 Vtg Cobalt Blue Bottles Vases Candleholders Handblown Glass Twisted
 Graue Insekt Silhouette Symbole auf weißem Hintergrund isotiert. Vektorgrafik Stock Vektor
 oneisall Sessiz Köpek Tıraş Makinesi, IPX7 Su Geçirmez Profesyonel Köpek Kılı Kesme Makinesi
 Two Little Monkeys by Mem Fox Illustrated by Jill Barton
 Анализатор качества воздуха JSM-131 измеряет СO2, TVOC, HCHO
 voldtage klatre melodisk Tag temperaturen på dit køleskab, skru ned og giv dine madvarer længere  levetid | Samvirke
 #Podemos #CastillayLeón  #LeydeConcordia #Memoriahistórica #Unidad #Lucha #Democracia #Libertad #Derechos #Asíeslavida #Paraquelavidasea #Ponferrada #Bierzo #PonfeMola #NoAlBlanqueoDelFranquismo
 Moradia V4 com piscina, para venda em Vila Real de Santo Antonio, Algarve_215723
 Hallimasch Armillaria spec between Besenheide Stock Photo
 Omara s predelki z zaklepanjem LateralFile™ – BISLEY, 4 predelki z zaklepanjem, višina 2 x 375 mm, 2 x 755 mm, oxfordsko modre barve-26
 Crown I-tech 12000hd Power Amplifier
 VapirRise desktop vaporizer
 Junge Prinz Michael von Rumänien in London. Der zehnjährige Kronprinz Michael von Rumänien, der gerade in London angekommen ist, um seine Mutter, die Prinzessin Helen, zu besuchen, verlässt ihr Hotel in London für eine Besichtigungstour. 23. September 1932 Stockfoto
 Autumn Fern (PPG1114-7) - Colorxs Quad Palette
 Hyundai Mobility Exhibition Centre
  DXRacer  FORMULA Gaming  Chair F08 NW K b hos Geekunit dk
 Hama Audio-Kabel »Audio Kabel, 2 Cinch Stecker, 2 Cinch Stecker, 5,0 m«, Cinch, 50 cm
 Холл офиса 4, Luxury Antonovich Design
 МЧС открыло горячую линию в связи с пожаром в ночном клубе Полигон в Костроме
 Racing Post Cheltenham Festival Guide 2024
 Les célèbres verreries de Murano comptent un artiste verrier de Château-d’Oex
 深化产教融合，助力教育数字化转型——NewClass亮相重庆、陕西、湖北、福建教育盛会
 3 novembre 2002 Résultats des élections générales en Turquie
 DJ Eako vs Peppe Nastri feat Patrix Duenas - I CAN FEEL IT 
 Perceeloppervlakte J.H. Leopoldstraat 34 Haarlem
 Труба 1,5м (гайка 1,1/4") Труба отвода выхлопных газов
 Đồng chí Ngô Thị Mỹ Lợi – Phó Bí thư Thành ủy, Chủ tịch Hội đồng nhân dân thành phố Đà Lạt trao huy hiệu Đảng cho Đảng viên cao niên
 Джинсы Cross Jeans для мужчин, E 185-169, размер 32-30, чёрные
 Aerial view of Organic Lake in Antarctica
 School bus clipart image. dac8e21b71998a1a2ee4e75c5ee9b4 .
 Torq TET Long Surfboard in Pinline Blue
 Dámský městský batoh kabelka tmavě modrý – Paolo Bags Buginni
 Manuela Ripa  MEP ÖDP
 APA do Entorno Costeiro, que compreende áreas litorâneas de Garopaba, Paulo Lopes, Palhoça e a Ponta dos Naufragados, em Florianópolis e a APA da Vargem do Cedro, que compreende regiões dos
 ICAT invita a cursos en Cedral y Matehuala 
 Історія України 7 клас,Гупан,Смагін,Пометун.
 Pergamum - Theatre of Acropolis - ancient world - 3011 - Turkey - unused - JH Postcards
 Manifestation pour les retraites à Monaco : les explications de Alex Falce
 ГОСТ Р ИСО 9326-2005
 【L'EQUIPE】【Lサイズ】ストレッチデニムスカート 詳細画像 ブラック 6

+-------+

**PROBLEM DETAILS**
Beginning at the line that contains "Torq TET Long Surfboard in Pinline Blue", give again every line down to the end of the material, exactly as written, and stop there.

**RESULT FOR THIS EXERCISE**
 Torq TET Long Surfboard in Pinline Blue
 Dámský městský batoh kabelka tmavě modrý – Paolo Bags Buginni
 Manuela Ripa  MEP ÖDP
 APA do Entorno Costeiro, que compreende áreas litorâneas de Garopaba, Paulo Lopes, Palhoça e a Ponta dos Naufragados, em Florianópolis e a APA da Vargem do Cedro, que compreende regiões dos
 ICAT invita a cursos en Cedral y Matehuala 
 Історія України 7 клас,Гупан,Смагін,Пометун.
 Pergamum - Theatre of Acropolis - ancient world - 3011 - Turkey - unused - JH Postcards
 Manifestation pour les retraites à Monaco : les explications de Alex Falce
 ГОСТ Р ИСО 9326-2005
 【L'EQUIPE】【Lサイズ】ストレッチデニムスカート 詳細画像 ブラック 6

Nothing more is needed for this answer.